Au premier village suivant sur la Blaise, on remplit les gourdes et la vache à eau au cimetière. Un joli coin d'herbe plate au bord de l'eau ferait un beau lieu de bivouac, mais on souhaite se rapprocher de Colombey-les-deux-Eglises (à une vingtaine de kilomètres) pour ne pas avoir à trop rouler demain matin avant la visite.
Le village suivant est aussi accueillant mais on continue donc.
Finalement après une douzaine de kilomètres (soit 33 km depuis ce matin), il est 17h40 et on approche de deux villages pressentis par Bastien pour camper. On entre dans le premier, Curmont. On demande à un vieux monsieur assis devant sa maison s'il connaît un endroit où on pourrait planter notre tente pour la nuit. "Bien sûr, devant la mairie, venez je vous y emmène. Il y a déjà des Belges qui y ont dormi il n'y a pas longtemps, au 14 juillet. "
Le monsieur nous montre un pré légèrement pentu qui lui appartient, en face du bâtiment en pierres qui sert de mairie, avec en plus un robinet accessible à l'extérieur. Parfait.
On commence à poser les vélos et il revient 5 minutes après avec un sachet de madeleines pour les enfants, et nous propose de visiter son verger en contrebas. Il y a beaucoup de pêchers, avec de nombreux fruits, mais malheureusement pour nous, pas encore mûrs. Il nous présente aussi des cerisiers, noyers, pommiers, poiriers, un néflier. Il plante lui-même ces arbres depuis une cinquantaine d'années. Le monsieur est naturellement simple et bienveillant. Quelle belle rencontre !
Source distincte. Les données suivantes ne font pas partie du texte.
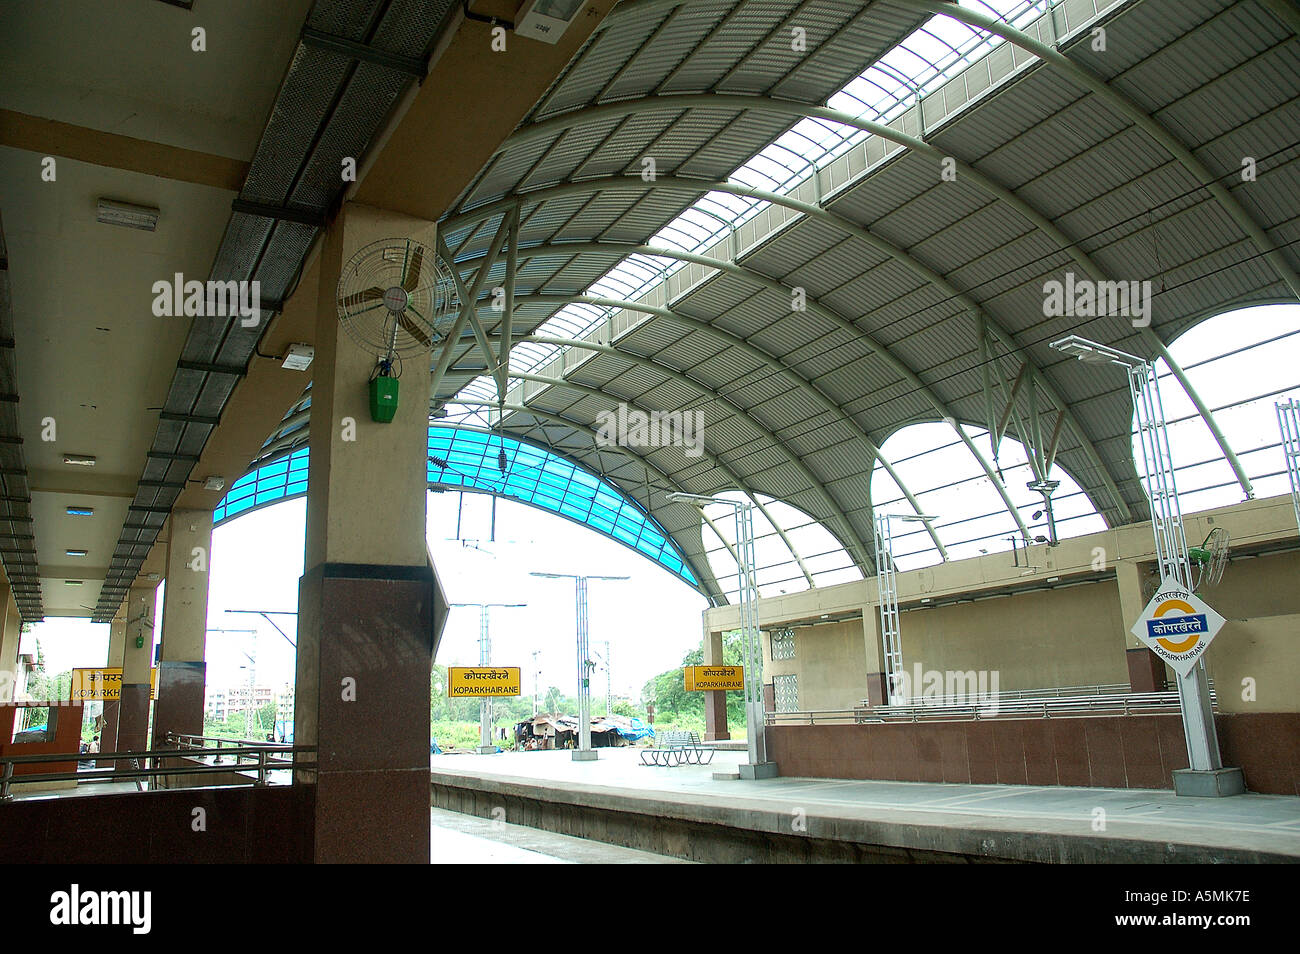 RAJ98892 nuova e moderna di Capodistria khairne Stazione ferroviaria Navi Mumbai Bombay Vashi Maharashtra India Immagini Stock
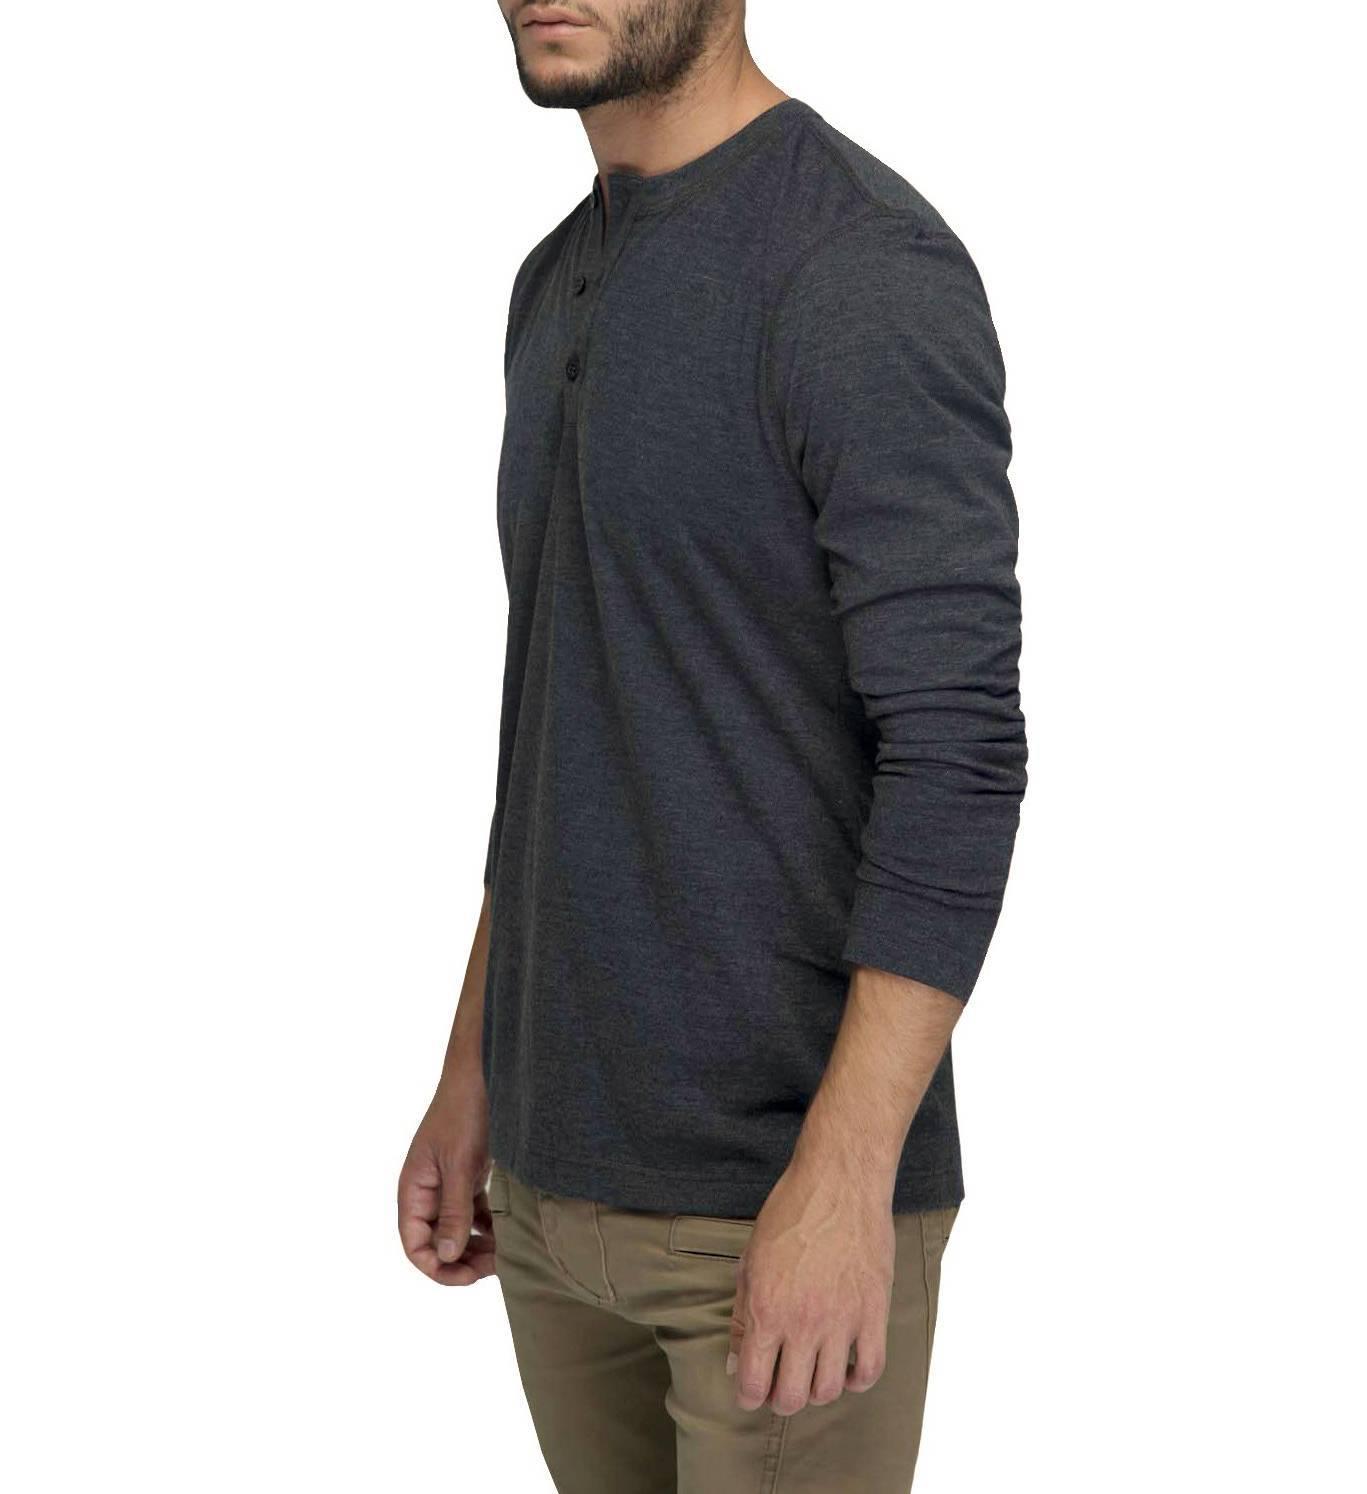 Джемпер мужской ⭐️ Джемпер MD 451 ⭐️

Le village de Curmont compte 12 habitants ; il est encore plus petit que Champigneulles ! Il a son maire et 6 conseillers municipaux. Deux couples sont en train de retaper des maisons pour venir s'installer prochainement. Et encore, il y a une commune voisine encore plus petite, avec 6 habitants.
Les enfants jouent dans le pré, écrivent leur carnet de voyage. Les parents préparent le campement et le repas. Le dîner dans l'herbe est éclairé par la douce lumière du soir. On se lave aux gants, fait la vaisselle et la lessive. Victor et Maxime tour à tour dévalent le pré sur le petit vélo de Maxime. Solène sort son anche de hautbois pour jouer quelques airs à 4 notes. Petit temps de lecture dans la tente et dodo 21h50.